The Colorado courts apply the test found in Van Schaack & Co. v. District Court, 189 Colo. 145, 538 P.2d 425 (1975) to determine whether, under Colorado law, the exercise of personal jurisdiction over a nonresident would offend traditional notions of fair play and substantial justice. Panos Investment Co. v. District Court, 662 P.2d 180 (Colo.1983). The test in Van Schaack is based on the criteria found in Hanson and McGee v. International Life Insurance Co., 355 U.S. 220, 78 S.Ct. 199, 2 L.Ed.2d 223 (1957). This test requires that (1) the defendant purposefully avail himself of the privilege of acting in the forum state or of causing important consequences there; (2) the cause of action must arise from the consequences in the forum state as a result of the defendant’s activities; and (3) the activities of the defendant or the consequences of these activities must have a substantial connection with the forum state to make the exercise of jurisdiction over the defendant reasonable.

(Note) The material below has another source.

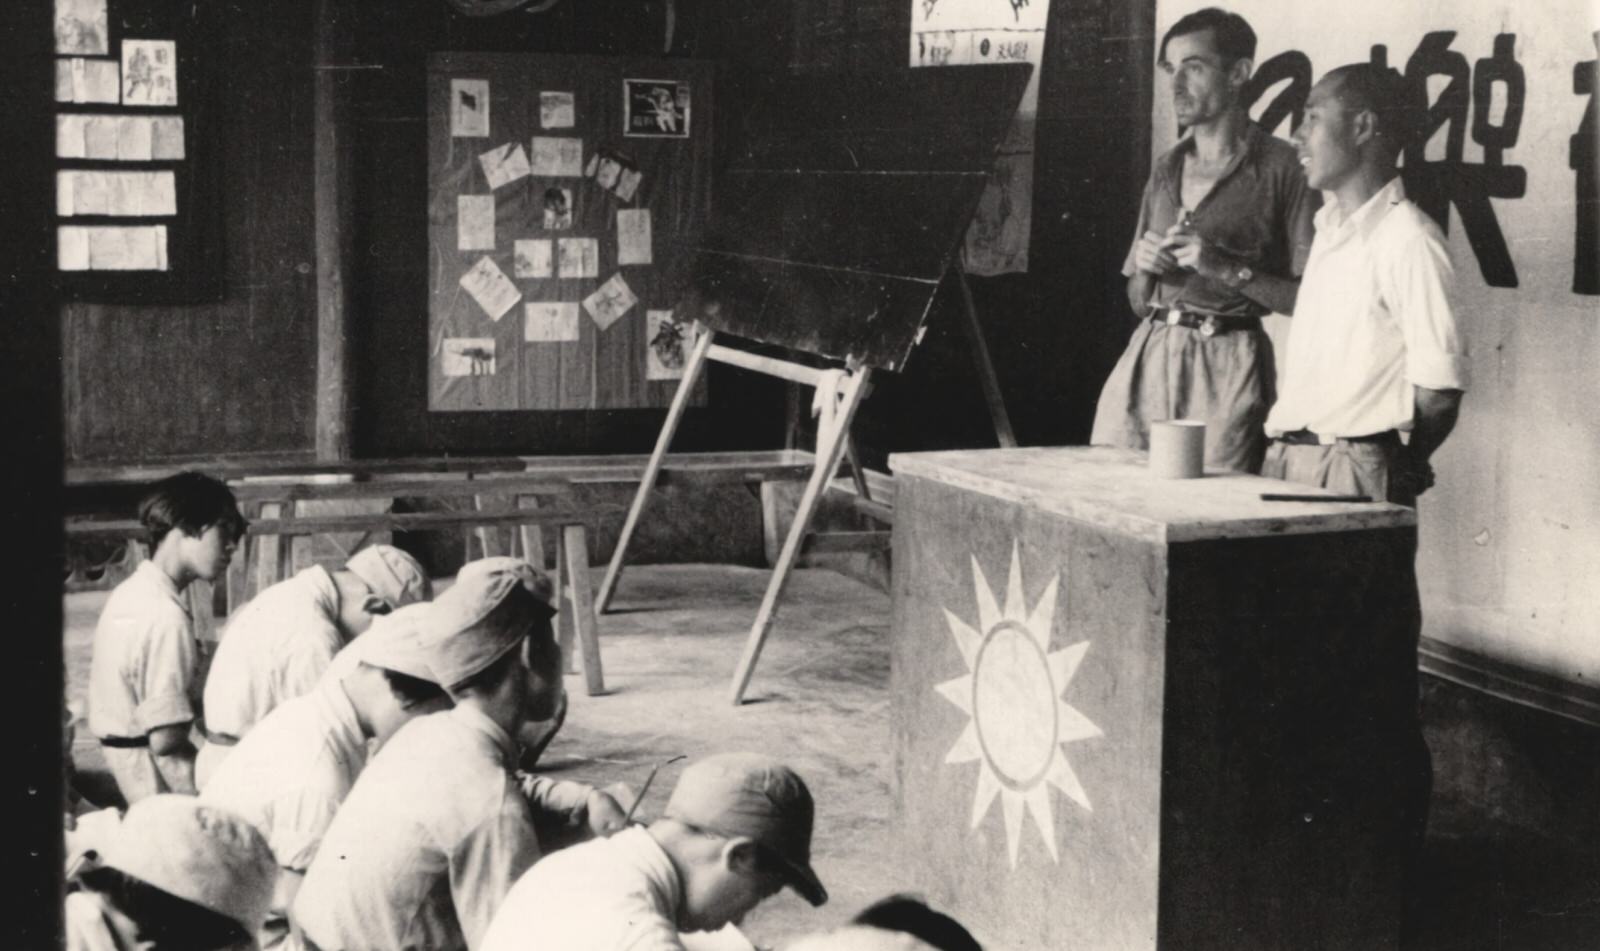 Dr. Eric Landauer, member of the League of National Anti-Epidemic Commission, lectures on public health in the Medical Training School of the New Fourth Army. Dr. Gung (Gong) translated.

Van Schaack, 189 Colo, at 147, 538 P.2d at 426.

*122The State of Colorado, in enacting its long-arm statute, intended to extend the jurisdiction of the Colorado courts “to the fullest extent permitted by the due process clause of the fourteenth amendment to the United States Constitution.” Safari Outfitters, Inc. v. Superior Court, 167 Colo. 456, 459, 448 P.2d 783, 784 (1968). In Safari Outfitters, the Colorado court applied the minimum contacts standards enunciated by the United States Supreme Court in International Shoe and Hanson.

In the present case, we have reviewed the record and agree with the findings of the district court that all three requirements of the test are satisfied. The appellants have sufficient minimum contacts with Colorado such that maintenance of the action against them in Colorado was constitutionally permissible. Moreover, the appellants’ activities in Colorado fall directly within the scope of the Colorado long-arm statute.

Colorado has a real interest in providing an effective means of redress for those parties having claims against the insolvent insurance exchange.

We hold that New Mexico should give full faith and credit to the judgments entered against the appellants by the Colorado district court.

For these reasons, the judgment of the district court is affirmed.

IT IS SO ORDERED.

FEDERICI, C.J., and SOSA, Senior Justice, concur.